Question on M5000

Is anyone in possession of a Quadro M5000 card? The question is, what is the deviceProp.ECCEnabled boolean set to for this card? It has ECC for the main memory, but not for registers and cache, so I am wondering if it is categorized as having ECC or not within the cudaGetDeviceProperties call.

Thanks!

Do any GPUs have ECC protection for registers and caches? Not to my recollection; they are only protected by parity bits from what I recall (corrections welcome!). In other words, ECC is normally considered as a property of the on-board memory of the GPU. That said, I do not know whether the Quadro M5000 supports ECC or not.

Purely out of interest: What is the significance of the value of ECCEnabled returned by cudaGetDeviceProperties to your software?

Tesla cards specifically state that the ECC protection covers registers and caches. See e.g. http://www.nvidia.com/content/PDF/kepler/Tesla-K40-Active-Board-Spec-BD-06949-001_v03.pdf second paragraph of the overview.

On the other hand, Quadro cards do not use the same language. See e.g. http://h20195.www2.hp.com/v2/getpdf.aspx/c05040364.pdf?ver=1 (couldnt find the equivalent on nvidia’s page) where they mention “8GB GDDR5 ultra fast ECC memory supporting a wide memory path to minimize memory access performance penalties”.

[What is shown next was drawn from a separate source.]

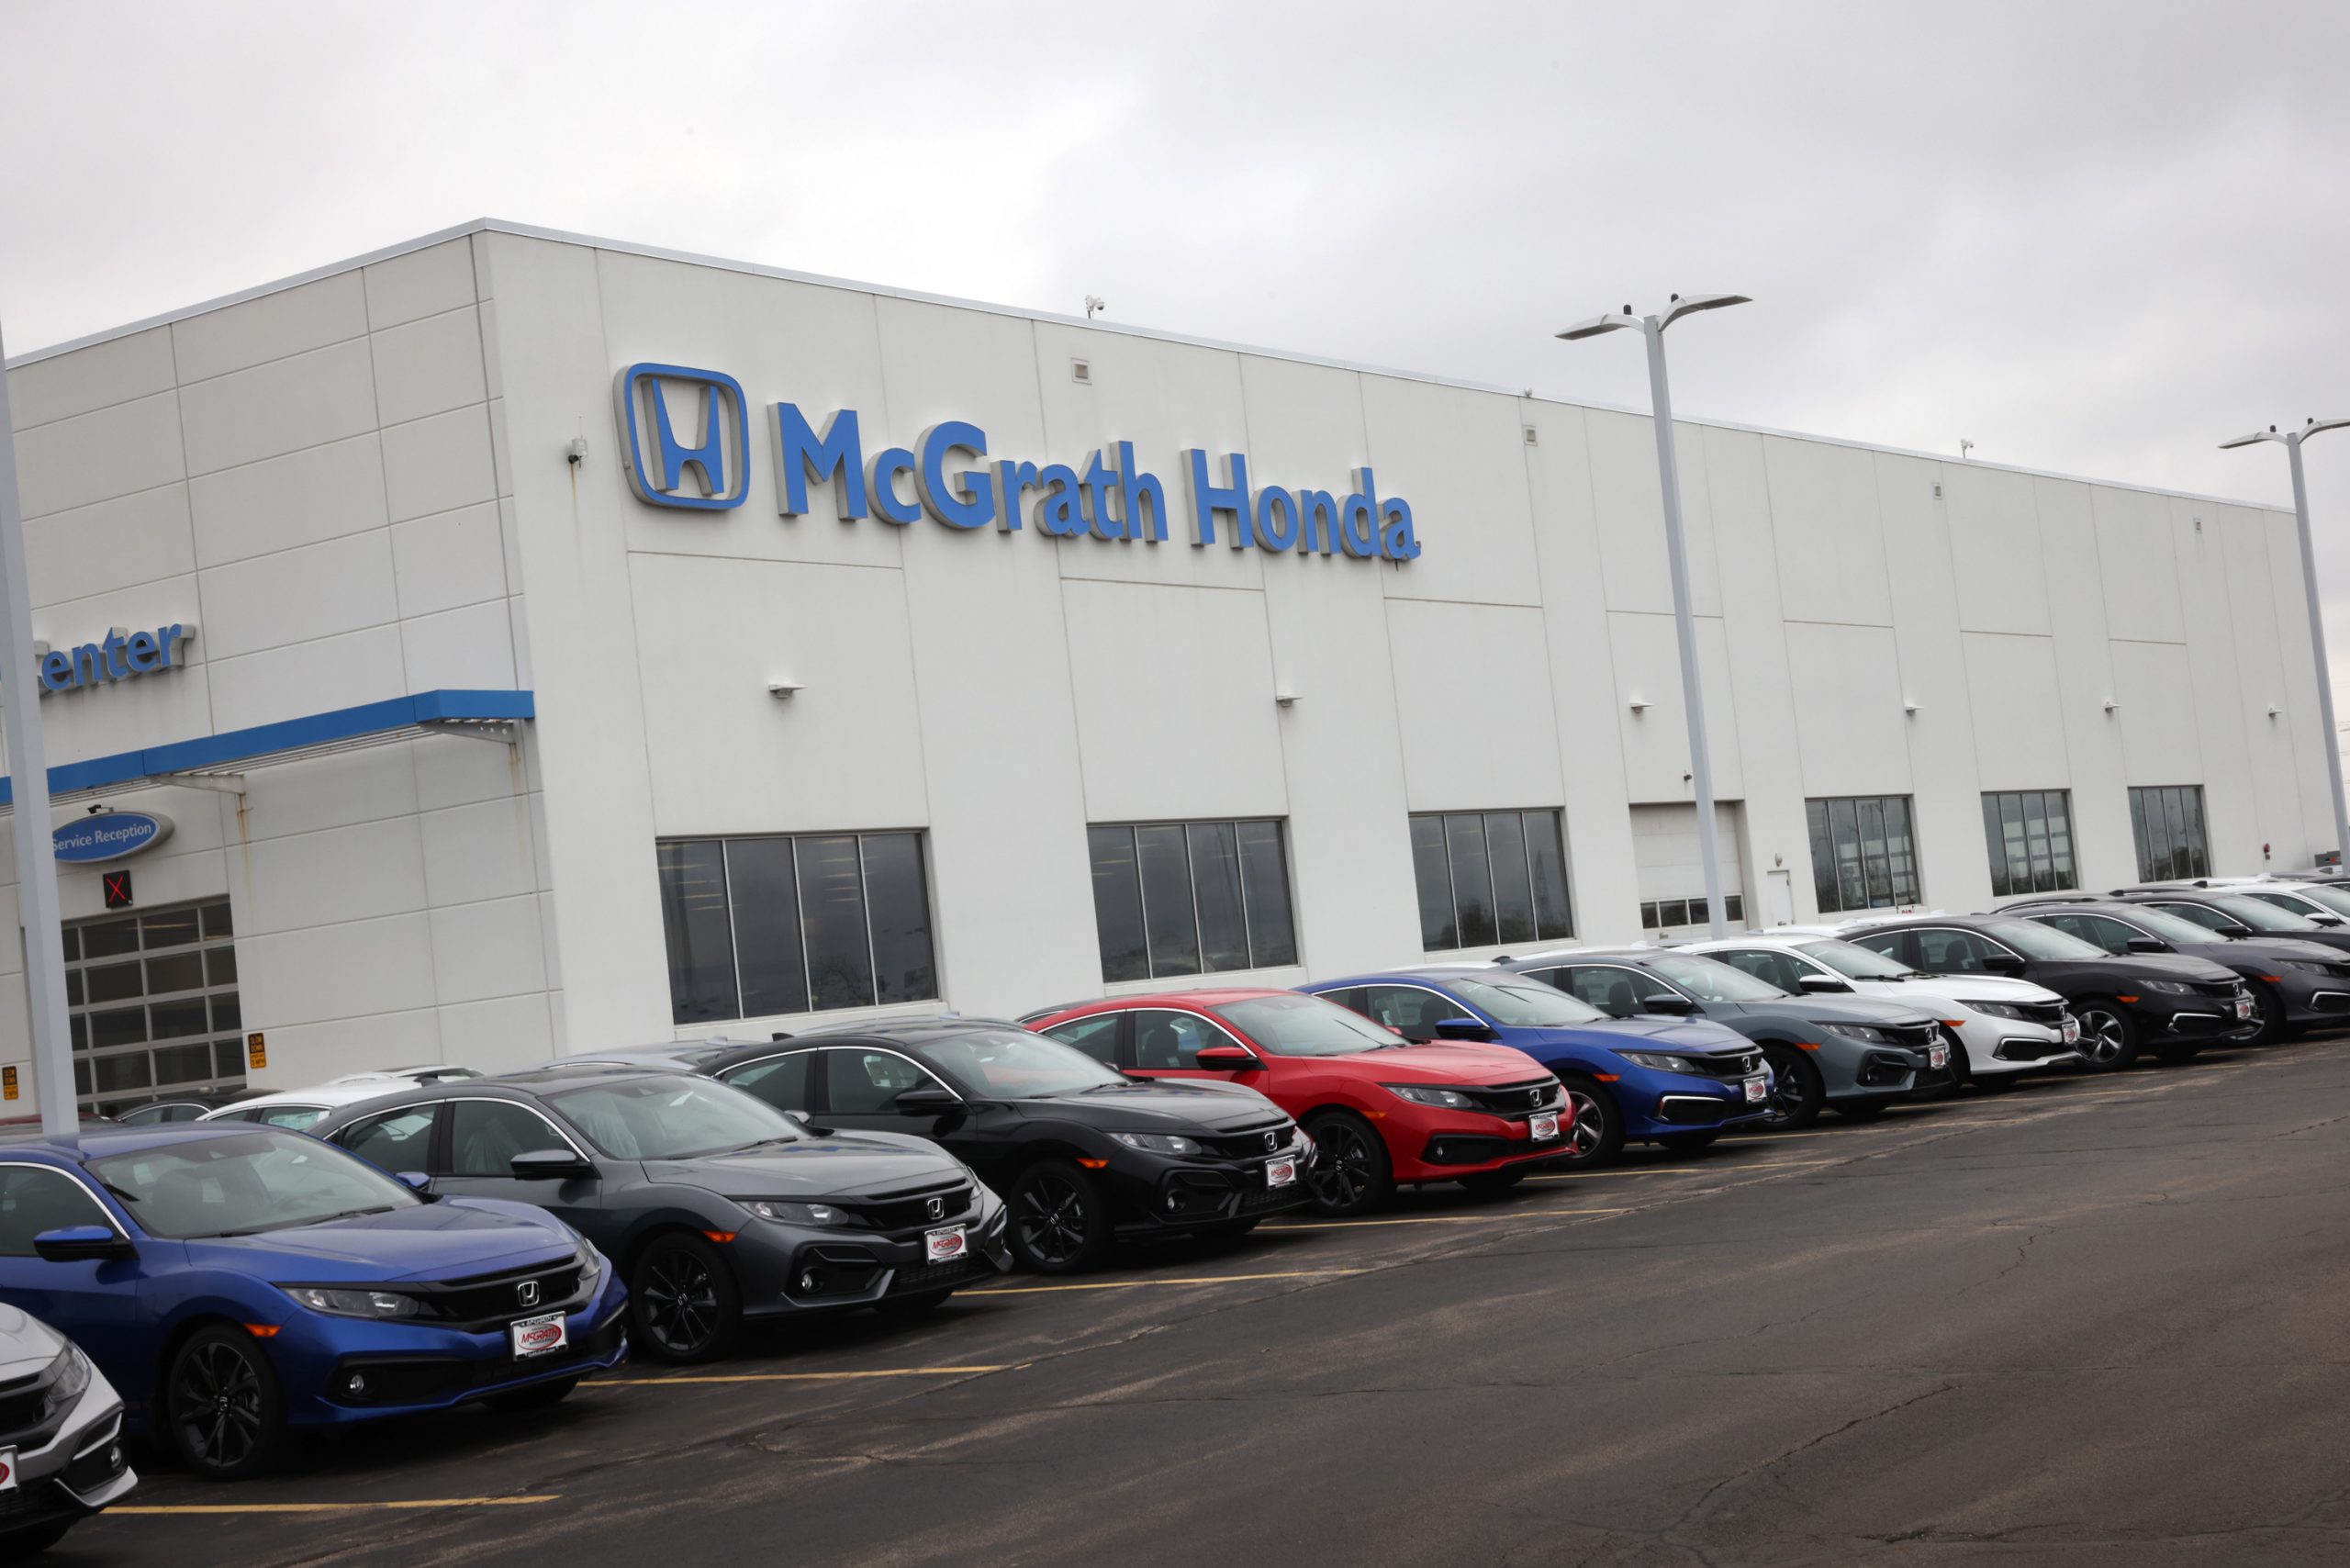 A row of Civic models on a Honda dealership lot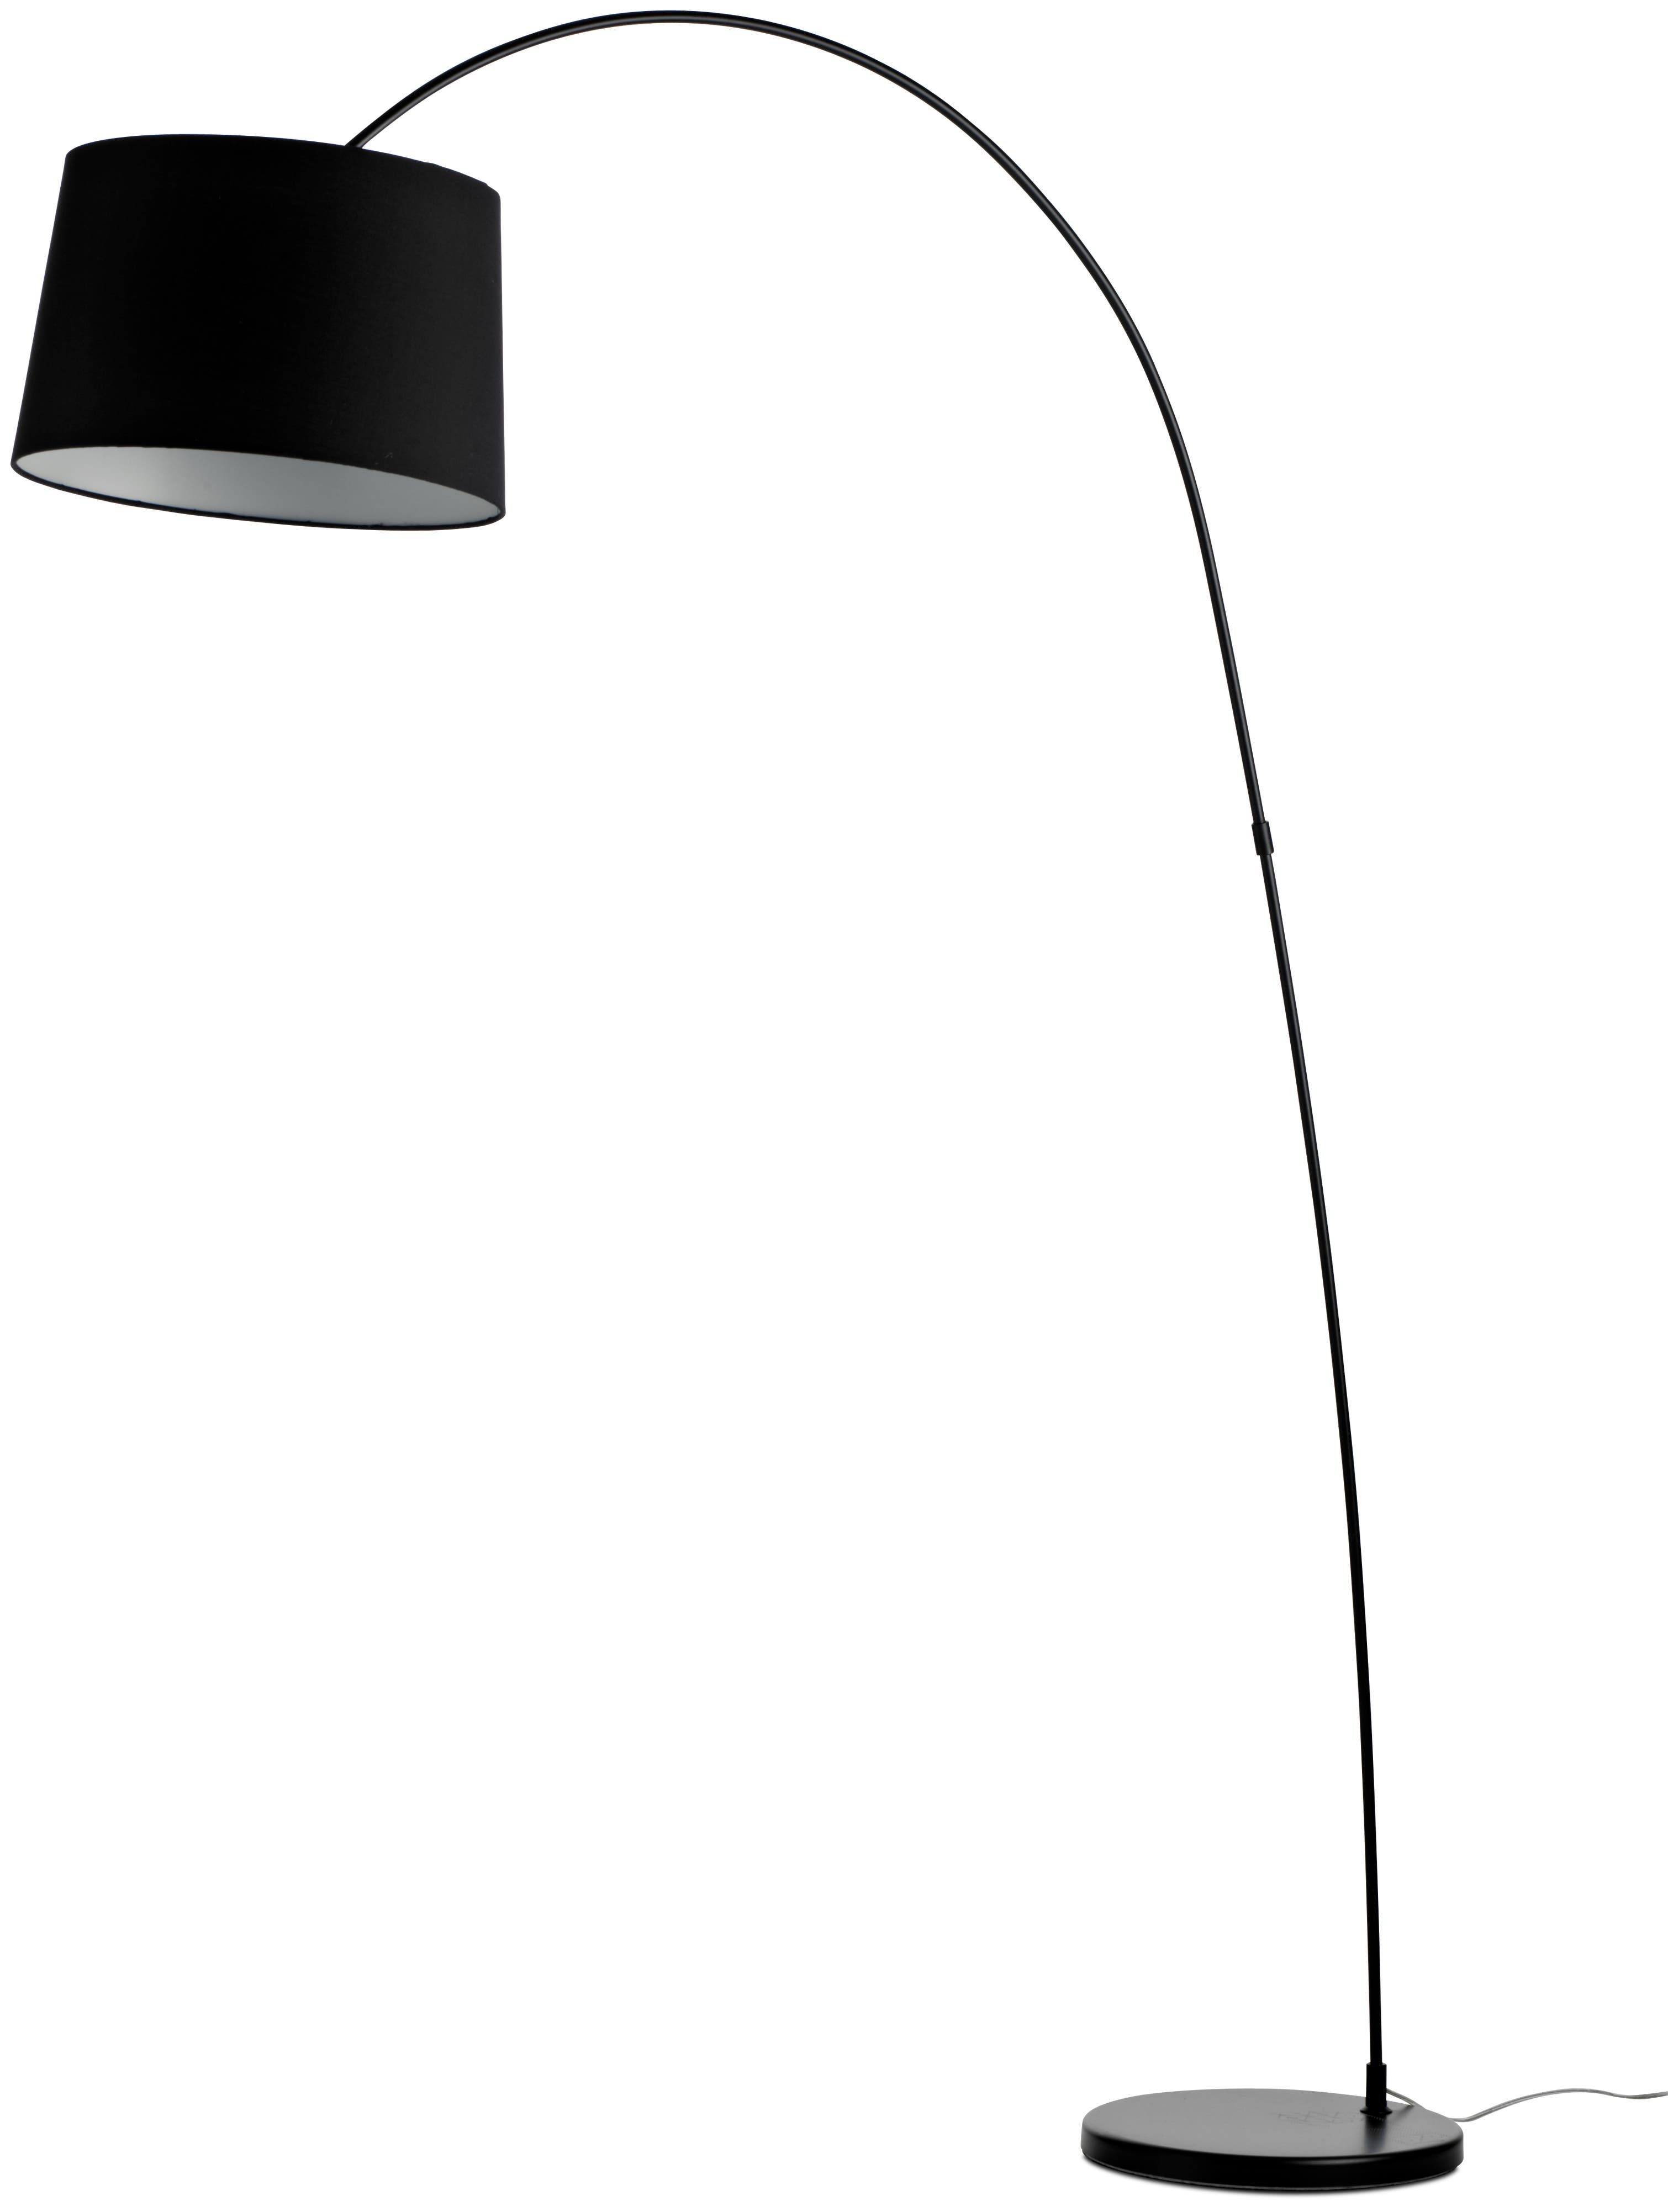 Kuta floor lamp

As for the little story behind checking for that flag… we develop medical software and we only flag ECC enabled graphics card as being “valid” within a system, and want our CI/CD testing to be done on hardware that doesn’t require a code change (disabling that check). We’re looking at non Tesla options for our testing hardware (for cost reasons), but if the Quadro doesnt answer “yes” to the ECC flag then we might as well go with GeForces and live with disabling that check within the software during development.

Thanks for the correction regarding ECC protection in modern GPUs. Since documentation does not have a unit test, it can easily be incomplete or inconsistent, at times even plain incorrect. I note that the quoted text about the Quadro does not preclude ECC protection on registers and caches, it is simply silent on the issue, possibly because this is not an important detail for typical Quadro customers.

If you must ensure that full ECC protection is available in identical fashion on both Tesla and Quadro, I would suggest getting in touch directly with NVIDIA through dedicated Tesla support channels.

I certainly appreciate why such assurances would be important in the context of GPUs used in medical devices: in the context of medical imaging I have stated before that ECC is desired because one would never want to have to worry whether a discolored spot in an image is an artifact caused by a flipped bit in GPU memory, or a cancerous lesion.